Years back when I was still earning a living through writing and maintaining codes, I’d a colleague, a System Engineer who is looking after the servers that our application was running on. As with any application, ours had bugs too. And, occasionally, the bugs surfaced, bring about a service disruption. This affected quite a lot of users, and naturally our first response was to restore the service (incident management).
Our colleague, however, was more focused on problem resolution. A scheduled weekly restart at off-peak hours were not acceptable. Likewise, we cannot be always increasing the heap size to address OOM issue. He would insist on fixing the problem instead of having quick fixes. At that point of time, these did frustrate me.

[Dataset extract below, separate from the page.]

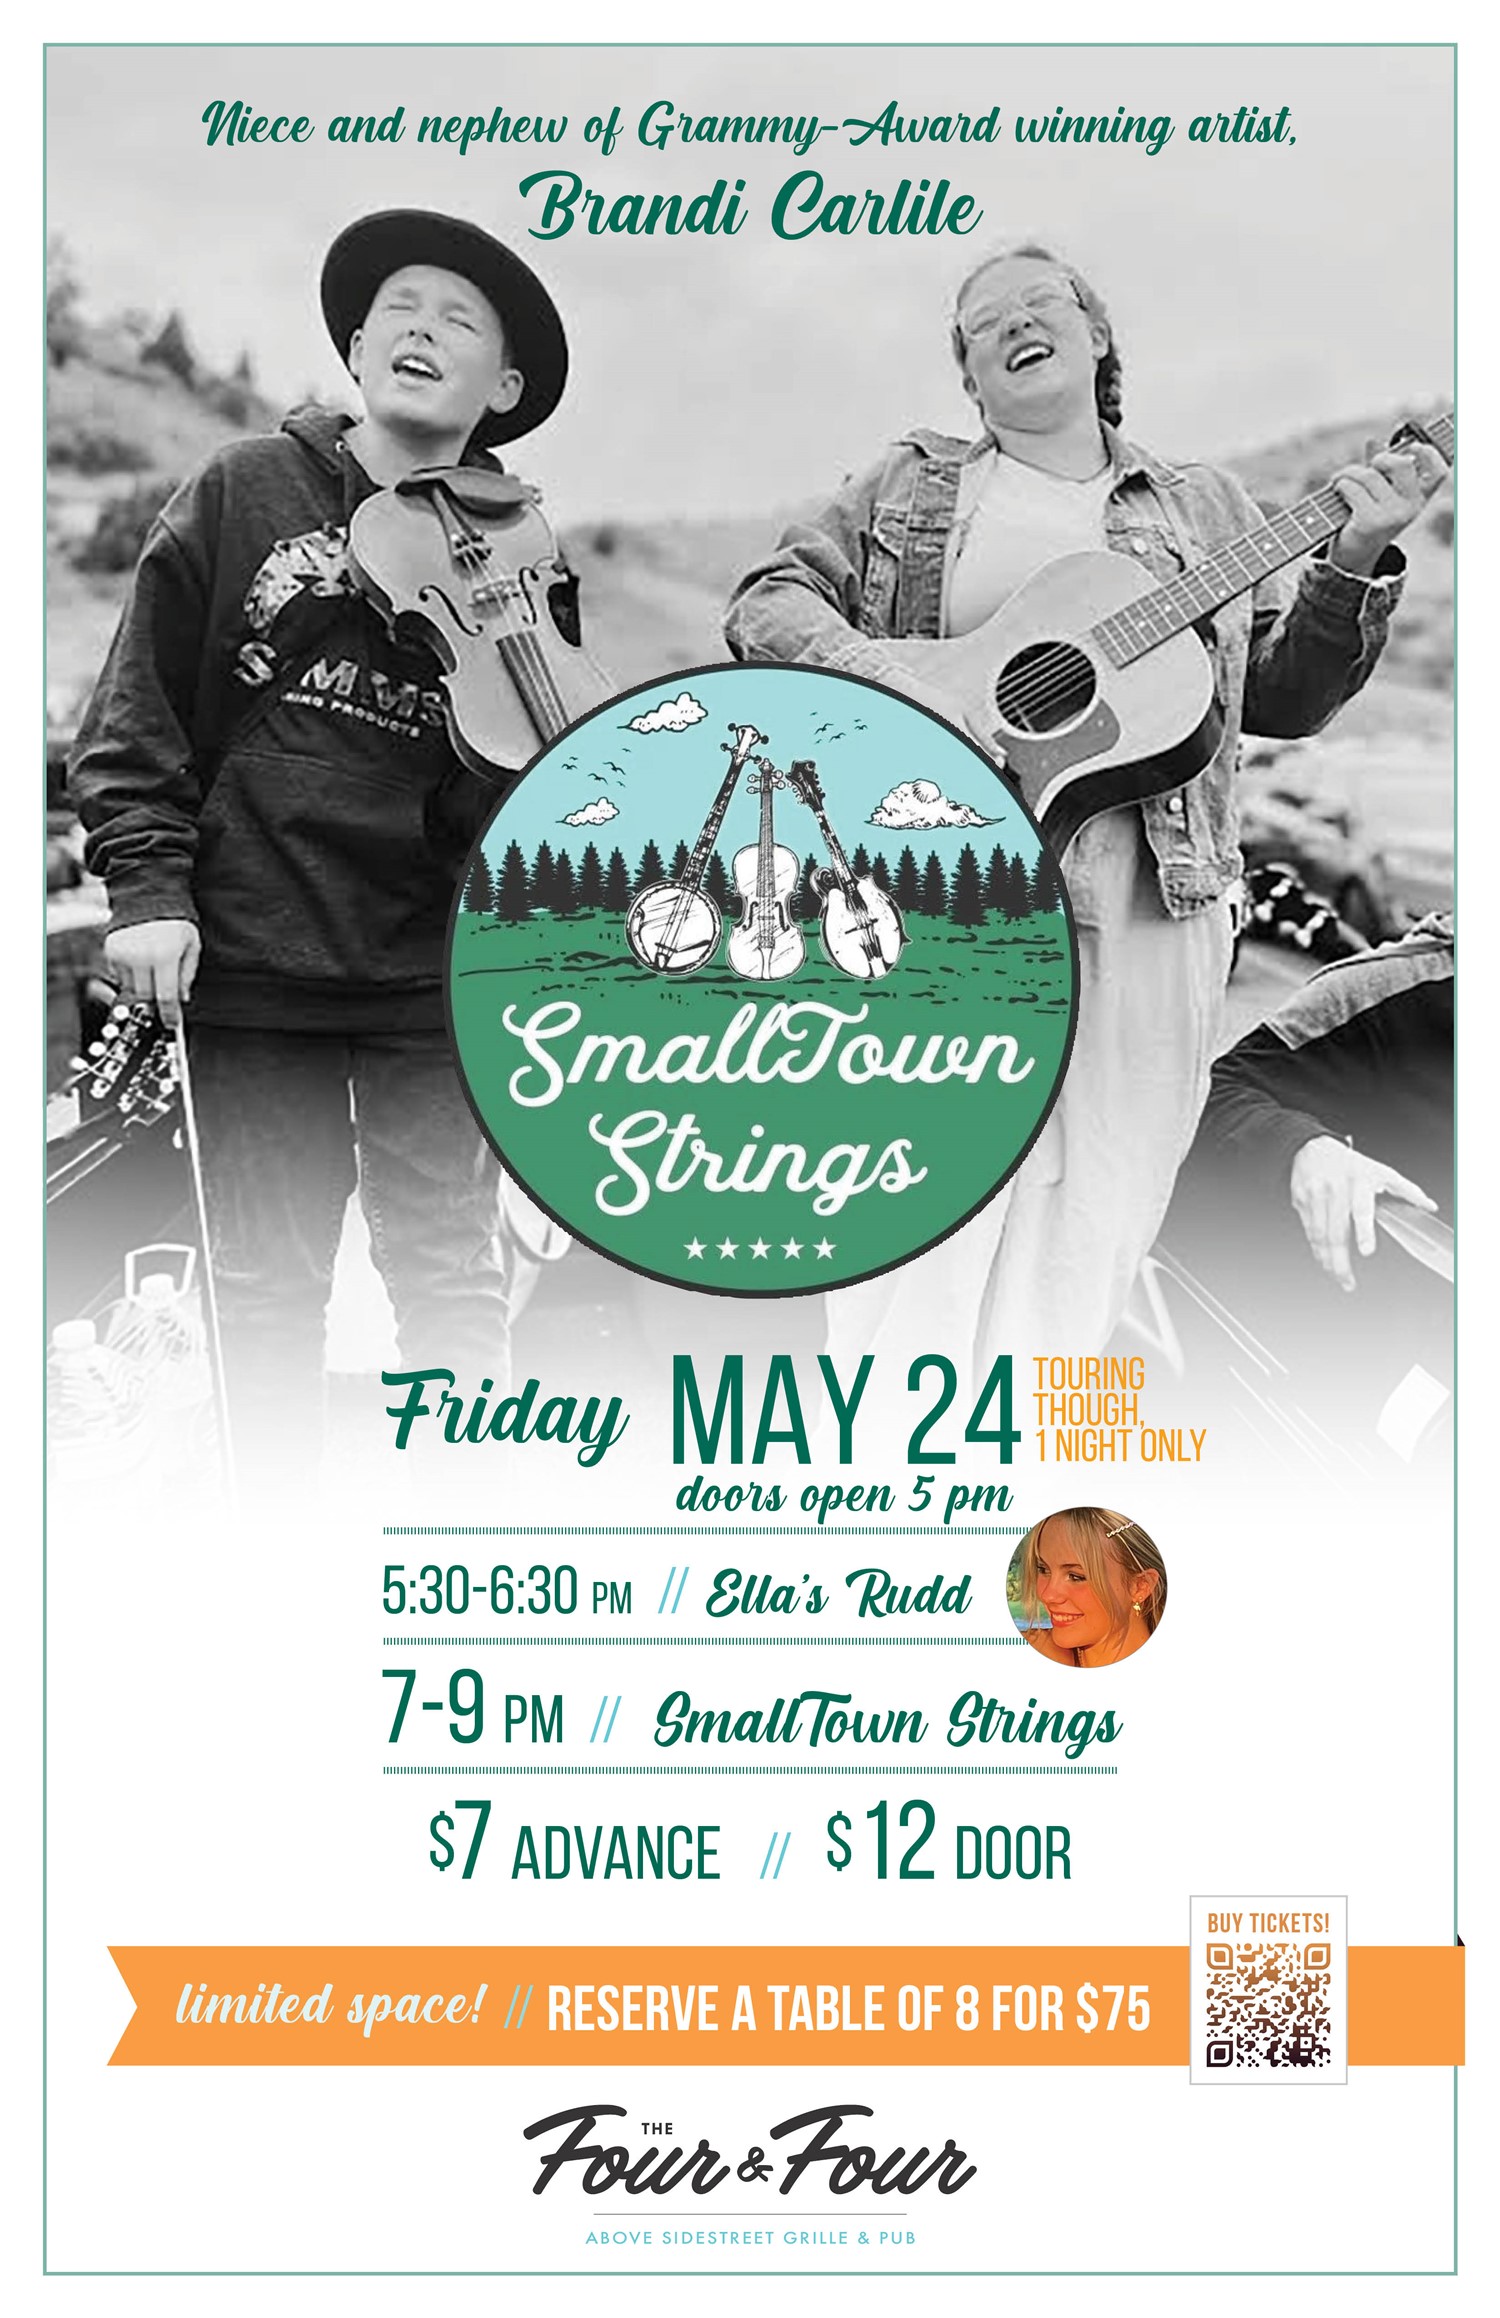 SmallTown Strings  on mai 24, 17:30@The Four and Four, above Sidestreet Grille & Bar - Achetez des billets et obtenez des informations surSidestreet Live / Four and Four

Back then, I was still green and lacked ITIL knowledge. Now, I begin to appreciate that our quick fix or workarounds were not wrong, our intention was to quickly restore the service so that business continues as usual. My colleague was not wrong either, for insisting on problem resolution.
Through the hard way of learning, I come to realize that not all problems have a solution and sometimes, a workaround could actually become the permanent fix to a problem. Not to mention that problem resolution takes time, and while searching for the answer, business must continue and hence, a workaround if available can provide the required time.
Perhaps what was missing at that time was the ITIL training for both the application teams and our system engineers. If we knew what were incident and problem management, perhaps both teams could have worked together with better synergy.